There are 3 internal APIs to invoke custom SFPI functions, depending on the number of input tiles. Please view the header file for the most up-to-date information.

_llk_math_eltwise_unary_sfpu_params_: For functions with one input tile (e.g., sin, exp).
_llk_math_eltwise_binary_sfpu_params_: For functions with two input tiles (e.g., add, sub, mul, div).
_llk_math_eltwise_ternary_sfpu_params_: For functions with three input tiles (e.g., where).

Warning

_llk_math_eltwise_binary_sfpu_params_ and similar LLK helpers are internal APIs and may change in future releases. Tenstorrent does not guarantee backward compatibility for these internal functions. Users should keep their use up to date with the latest Metalium releases.

Runtime Arguments and Execution

Back on the host, we set the runtime arguments for the kernels. The reader and writer kernels need the DRAM buffer addresses, and all three kernels need to know the number of tiles to process.

// tt_metal/programming_examples/custom_sfpi_add/custom_sfpi_add.cpp
SetRuntimeArgs(program, reader, core, {
    src0_dram_buffer->address(),
    src1_dram_buffer->address(),
    n_tiles
});

SetRuntimeArgs(program, writer, core, {
    dst_dram_buffer->address(),
    n_tiles
});

SetRuntimeArgs(program, compute, core, {
    n_tiles
});

For mesh execution, we add the program to a mesh workload and enqueue it for execution across the mesh. We also upload input data using the mesh buffer API.

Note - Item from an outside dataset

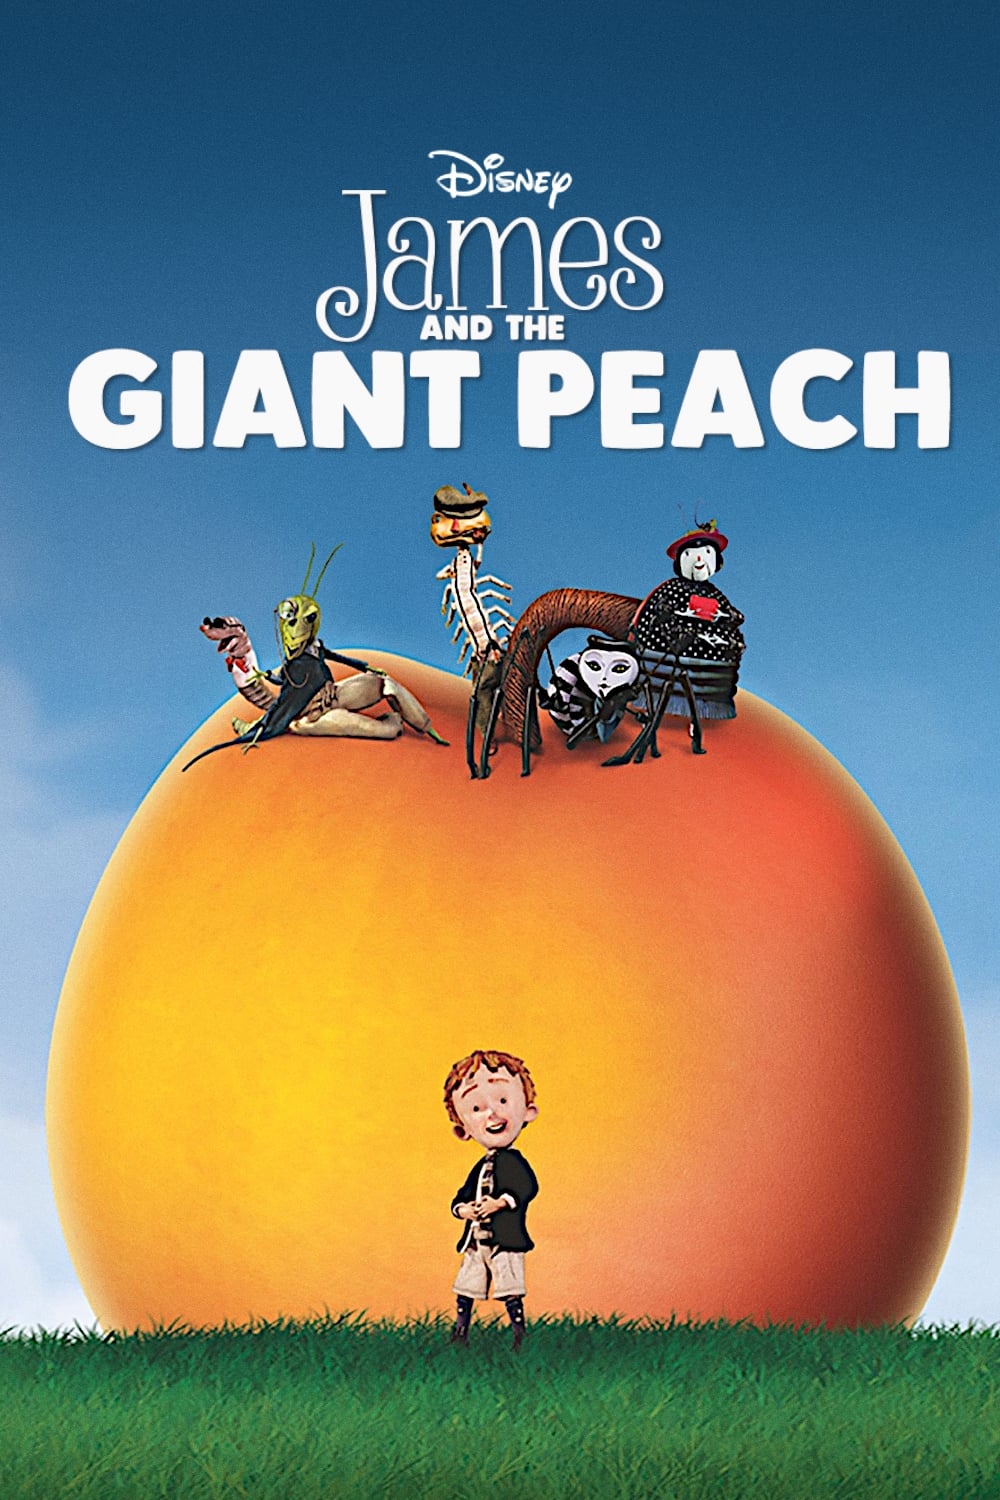 James und der Riesenpfirsich (1996)

// tt_metal/programming_examples/custom_sfpi_add/custom_sfpi_add.cpp

// Upload input data to mesh buffers (non-blocking)
distributed::EnqueueWriteMeshBuffer(cq, src0_dram_buffer, a_data, /*blocking=*/false);
distributed::EnqueueWriteMeshBuffer(cq, src1_dram_buffer, b_data, /*blocking=*/false);

// Add program to mesh workload and execute
workload.add_program(device_range, std::move(program));
distributed::EnqueueMeshWorkload(cq, workload, /*blocking=*/false);
distributed::Finish(cq);

Finally, we read back the results from the mesh buffer using the distributed API to verify correctness.

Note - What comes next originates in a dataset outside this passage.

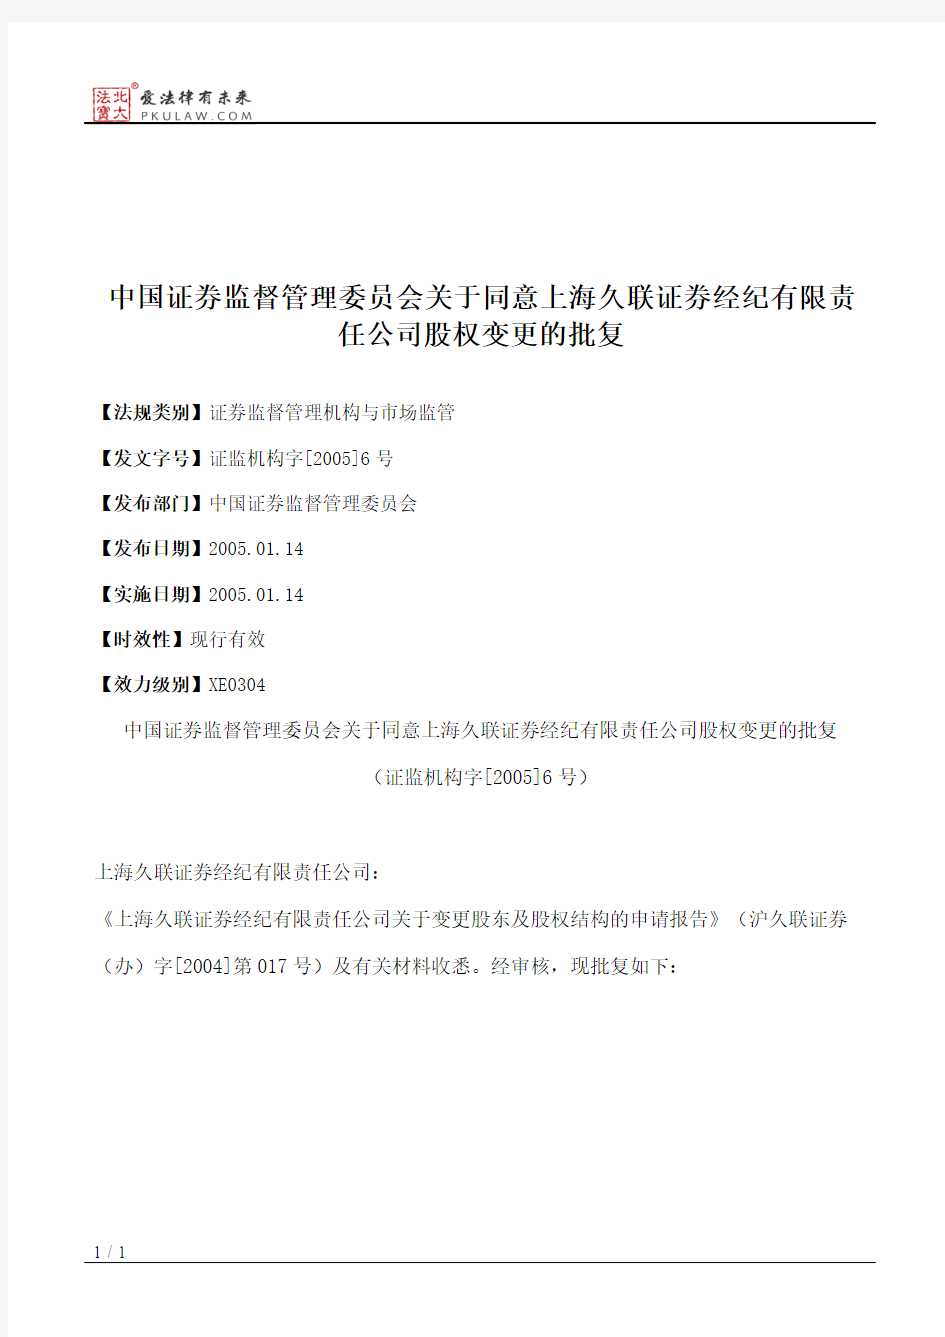 中国证券监督管理委员会关于同意上海久联证券经纪有限责任公司股

// tt_metal/programming_examples/custom_sfpi_add/custom_sfpi_add.cpp
std::vector<bfloat16> result_vec;
distributed::EnqueueReadMeshBuffer(cq, result_vec, dst_dram_buffer, /*blocking=*/true);

// Validation against golden output...

Conclusion

This example demonstrated how to create a custom SFPI kernel for vector addition using the Mesh API. Key takeaways include:

The layered approach to SFPI kernel development (high-level API, LLK wrapper, low-level face function).
The use of destination registers (dst_reg) for SFPU computations.
The role of the LLK API (e.g., _llk_math_eltwise_binary_sfpu_params_) in simplifying SFPI programming by handling tile face iteration.
The standard pipeline of reader, compute, and writer kernels for processing data on Tensix cores.

By following this pattern, you can implement a wide variety of custom element-wise operations on the SFPU to accelerate your specific workloads while leveraging the distributed programming capabilities of the Mesh API.